Bangladesh : émeutes des ouvriers du textile (Jdd)

Bangladesh : émeutes des ouvriers du textile (Jdd) dans International bengla

Des dizaines de milliers d’ouvriers du textile au Bangladesh ont bloqué des rues, mis le feu à des usines et se sont heurtés à la police lundi, exigeant un salaire mensuel minimum équivalent à 100 dollars.

Jusqu’à 200.000 ouvriers ont manifesté lundi pour le troisième jour consécutif, selon Abdul Baten, chef de la police du district de Gazipur, près de la capitale Dacca, où plusieurs centaines d’usines textiles sont implantées. Quelque 300 usines ont été fermées pour prévenir toute attaque d’usines de la part de manifestants, a précisé son adjoint, Mustafizur Rahman.

« La situation est très volatile.

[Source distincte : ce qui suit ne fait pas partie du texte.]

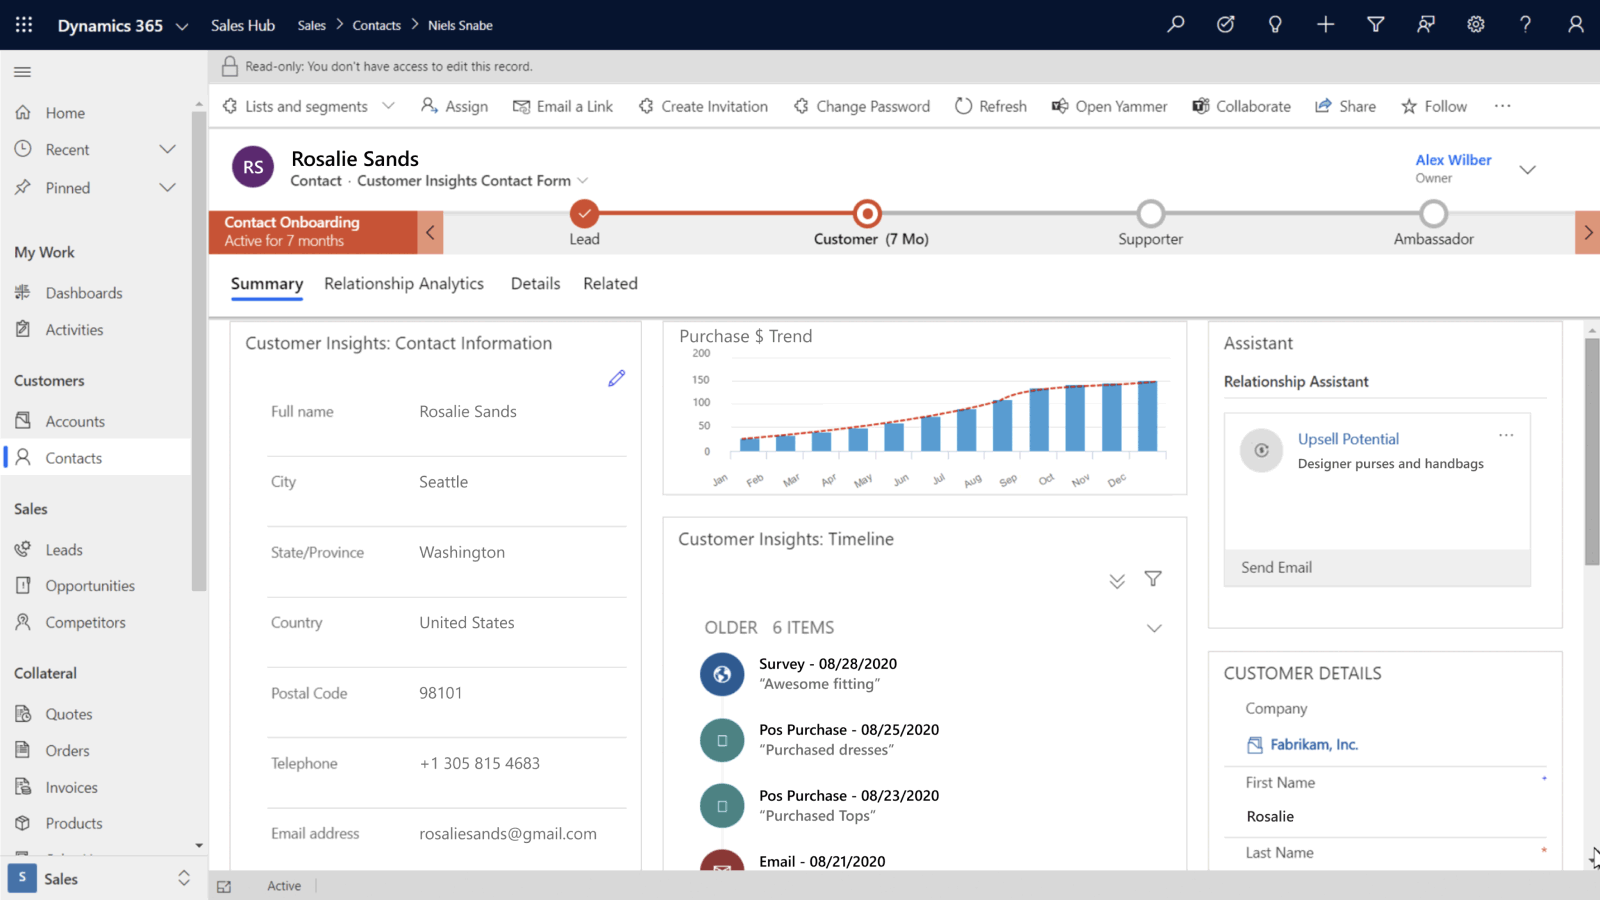 Image showing dynamics 365 customer contacts view with analytics

La police a tiré des balles en caoutchouc et des gaz lacrymogènes pour disperser les ouvriers incontrôlables », a-t-il ajouté, précisant que plusieurs dizaines d’ouvriers et quelques policiers avaient été blessés. Les manifestations contre les faibles salaires et les mauvaises conditions de travail ont secoué le secteur de l’habillement du Bangladesh depuis l’effondrement en avril du Rana Plaza, qui a tué plus de 1.100 personnes. Dans le faubourg de Savar, où l’immeuble s’est effondré, des ouvriers en colère ont mis le feu à au moins deux usines, a déclaré Reaz-Bin-Mahmood, vice-president de l’association des fabricants et exportateurs de vêtements du Bangladesh.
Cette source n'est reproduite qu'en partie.